Elizabeth Jennings

 

After the heaped piles and the corn sheaves waiting

To be collected, gathered into barns,

After all fruits have burst their skins, the sating

Season cools and turns,

And then I think of something that you said

Of when you held the chalice and the bread.

 

I spoke of Mass and thought of it as close

To how a season feels which stirs and brings

Fire to the hearth, food to the hungry house

And strange, uncovered things –

God in a garden then in sheaves of corn

And the white bread a way to be reborn.

 

I thought of priest as midwife and as mother

Feeling the pain, feeling the pleasure too,

All opposites together,

Until you said no one could feel such passion

And still preserve the power of consecration.

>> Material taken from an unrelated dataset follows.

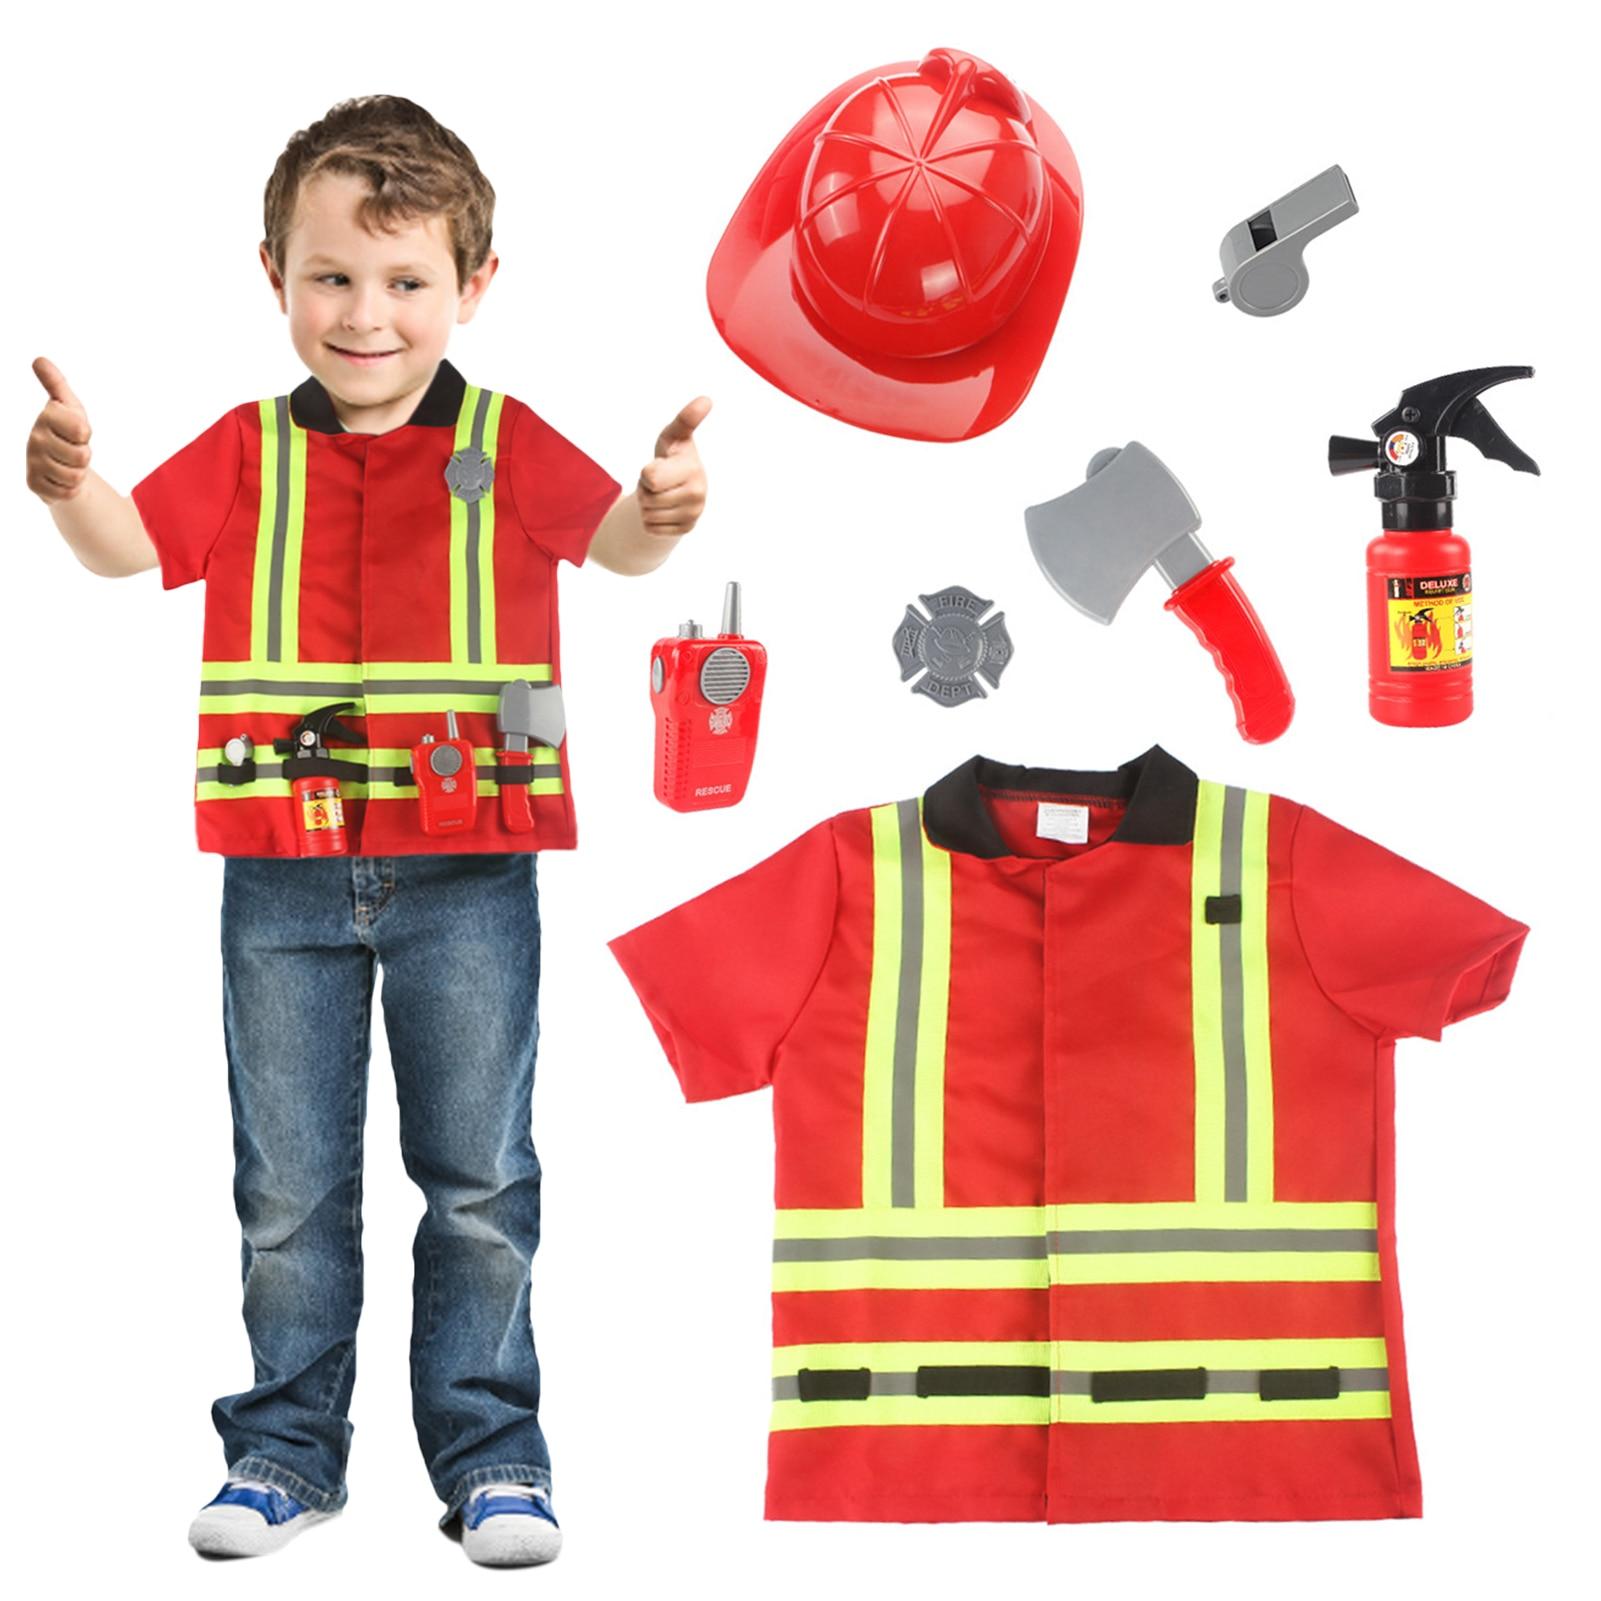 Фото - 7PCS Kids Fireman Costume Movable Visor Pretend Toy Fun Firefighter Role Play Clothes Firefighter Dress Up Role Play Accessories fun boys girls mini telephone developmental toy role play pretend toy communication equipment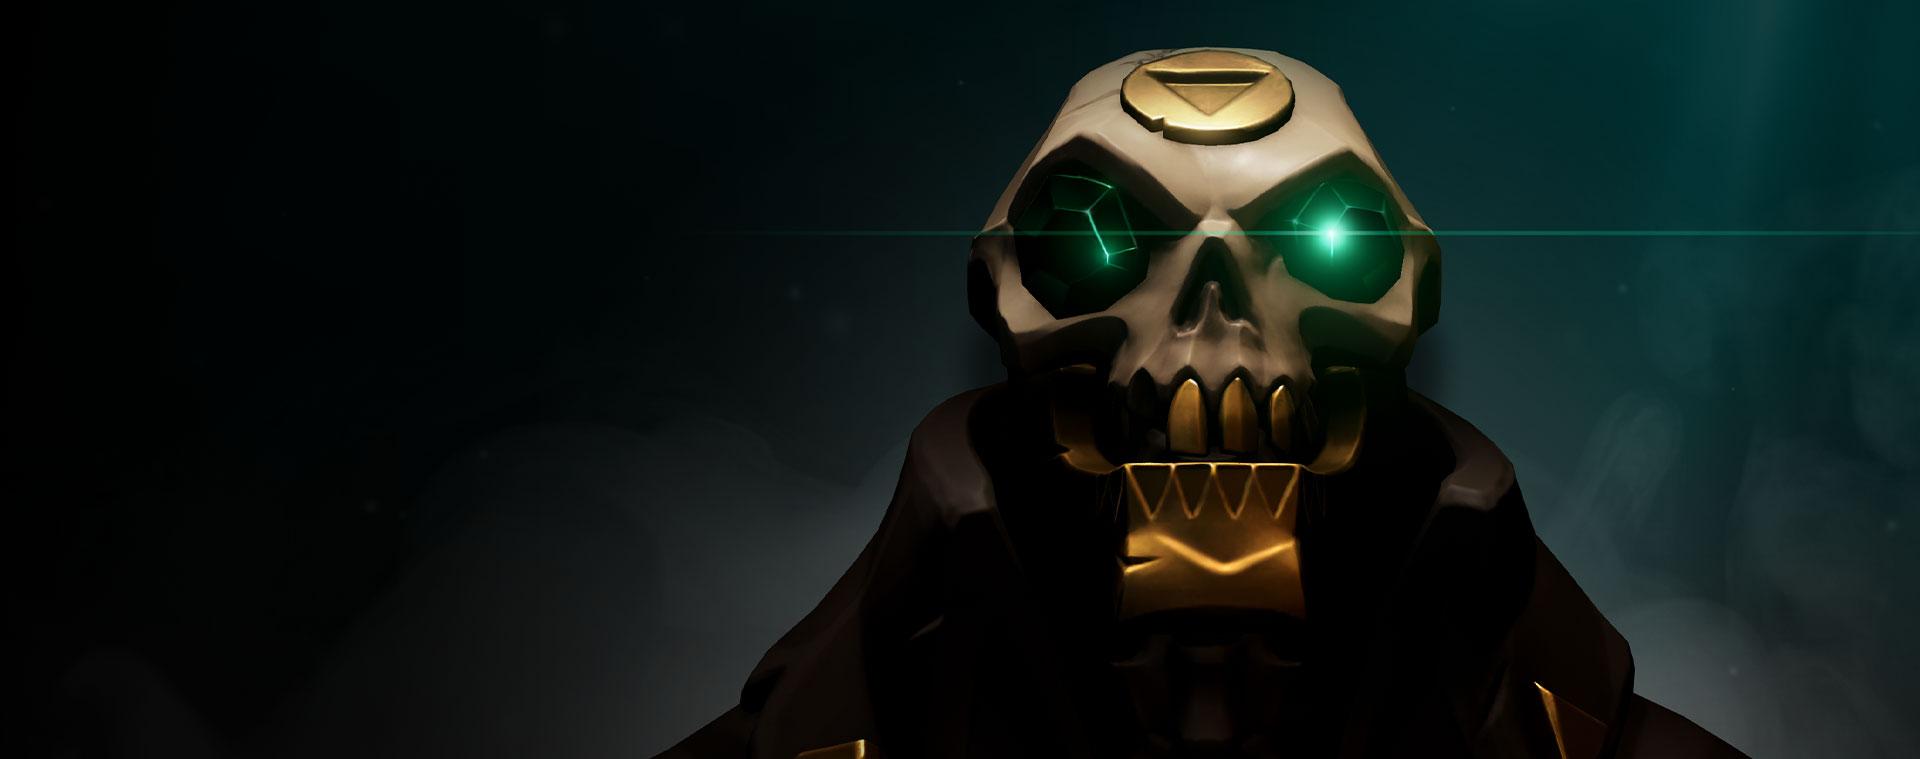 Sea of Thieves 中以綠寶石當做眼睛的骷髏頭

And it is true. How cool the gold sheaves lie,

Rich without need to ask for more

Richness. The seed, the simple thing must die

If only to restore

Our faith in fruitful, hidden things. I see

The wine and bread protect our ecstasy.

 

 

‘Harvest and Consecration’ from The Collected Poems by Elizabeth Jennings (Carcanet Press), reproduced by permission of David Higham Associates.

 

 

Elizabeth Jennings CBE (1926-2001) was one of the finest British poets of her generation and considered the most influential poet writing about religion in English since Gerard Manley Hopkins. Her subjects were frequently life as experienced through human experience and its interaction with religious faith.